Los conceptos antropocentrismo y androcentrismo provienen de las voces griegas “anthropós” y “andrós” que, respectivamente, significan ser humano y varón. En una parte importante de la historia en general, y en el Renacimiento en particular, se produce un solapamiento entre el antropocentrismo y el androcentrismo, es decir, que ser lo primero equivale también a ser lo segundo. Pero la relación entre una escritura antropocéntrica y otra androcéntrica no es de implicación lógica, sino de negación de una parte de lo humano, el sujeto femenino, que también es un sujeto activo en la construcción de la cultura. Además de la negación del sujeto mujer, como partícipe en la construccin de la sociedad humana, el androcentrismo se caracteriza por lo que Amelia Valcárcel ha denominado heterodesignación(3) de lo mujer: qué sea una mujer X puede deducirse de lo que sea cualquier mujer, con la consiguiente negación de la individualidad de todo sujeto humano de sexo femenino.

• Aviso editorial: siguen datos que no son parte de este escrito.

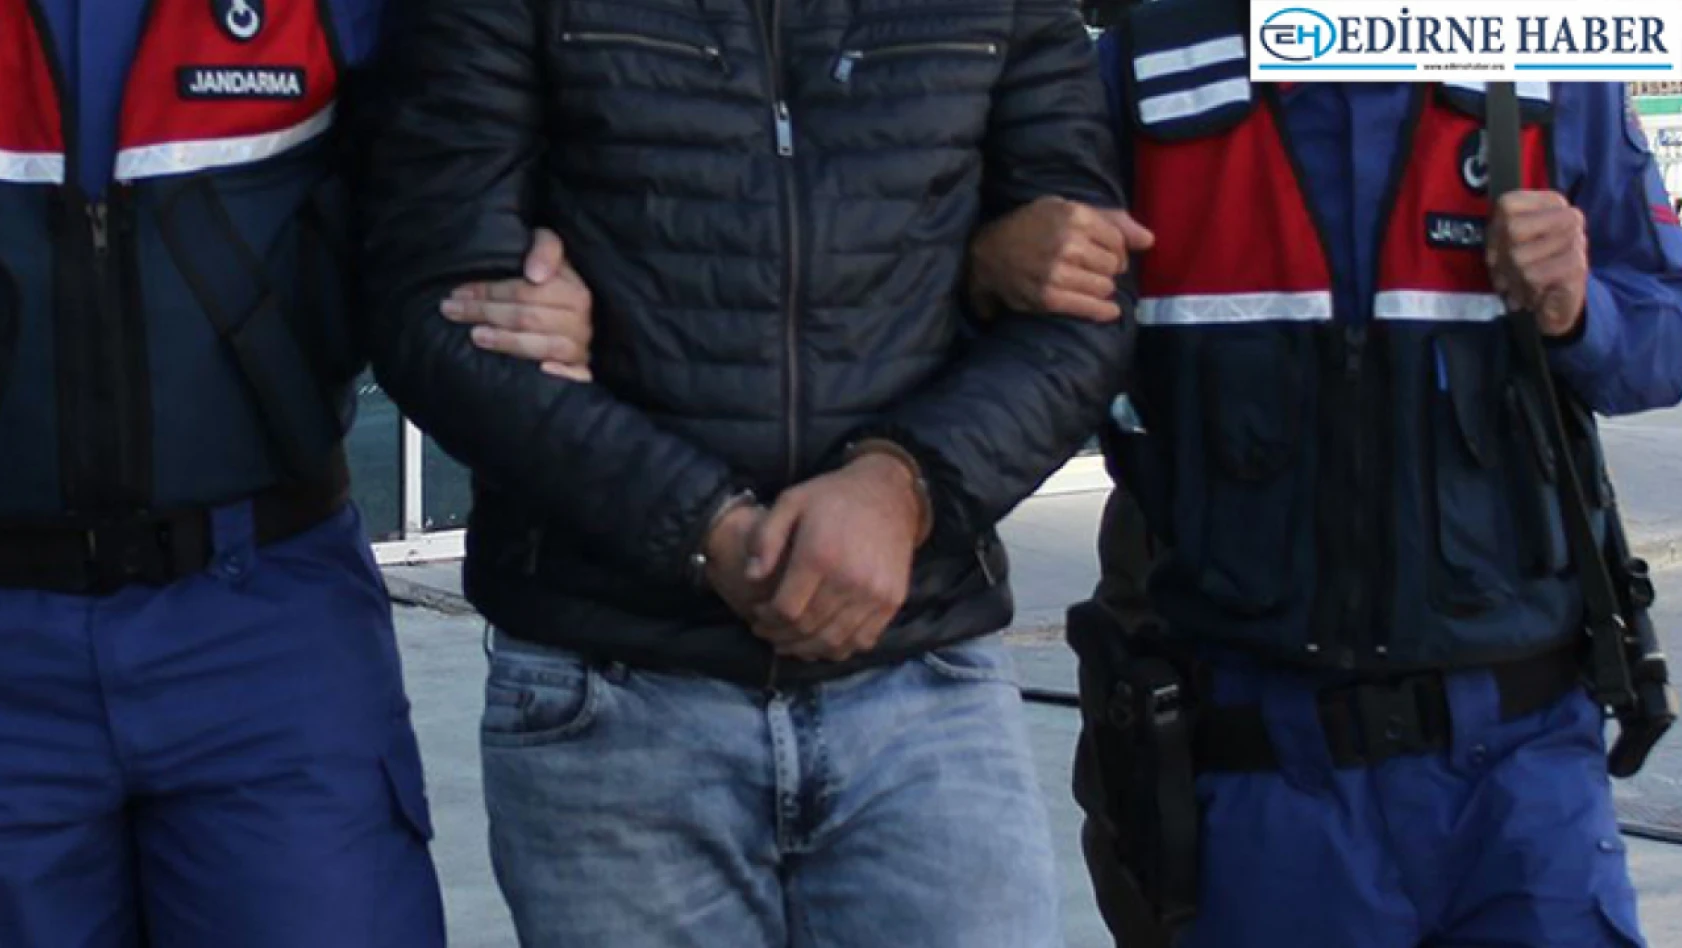 Edirne'de çeşitli suçlardan aranan 3 şüpheli yakalandı

La recuperación y difusión del pensamiento de Oliva Sabuco significa acercarnos al pensamiento renacentista que inicia el divorcio entre antropocentrismo y androcentrismo. En su obra escrita en castellano, las mujeres son atendidas de una manera desconocida en los literatos, científicos y pensadores, en general, de la España del siglo XVI. Y de ningún modo se les niega la capacidad racional, como era usual entre sus contemporáneos. Su autoridad tiene una peculiar relevancia, en un período histórico en que los autores más sobresalientes vertían en sus influyentes obras sus prejuicios misóginos(4). Lope de Vega escribió elogiosamente sobre la Décima Musa, como llamaba el autor de Fuenteovejuna a la escritora de Alcaraz.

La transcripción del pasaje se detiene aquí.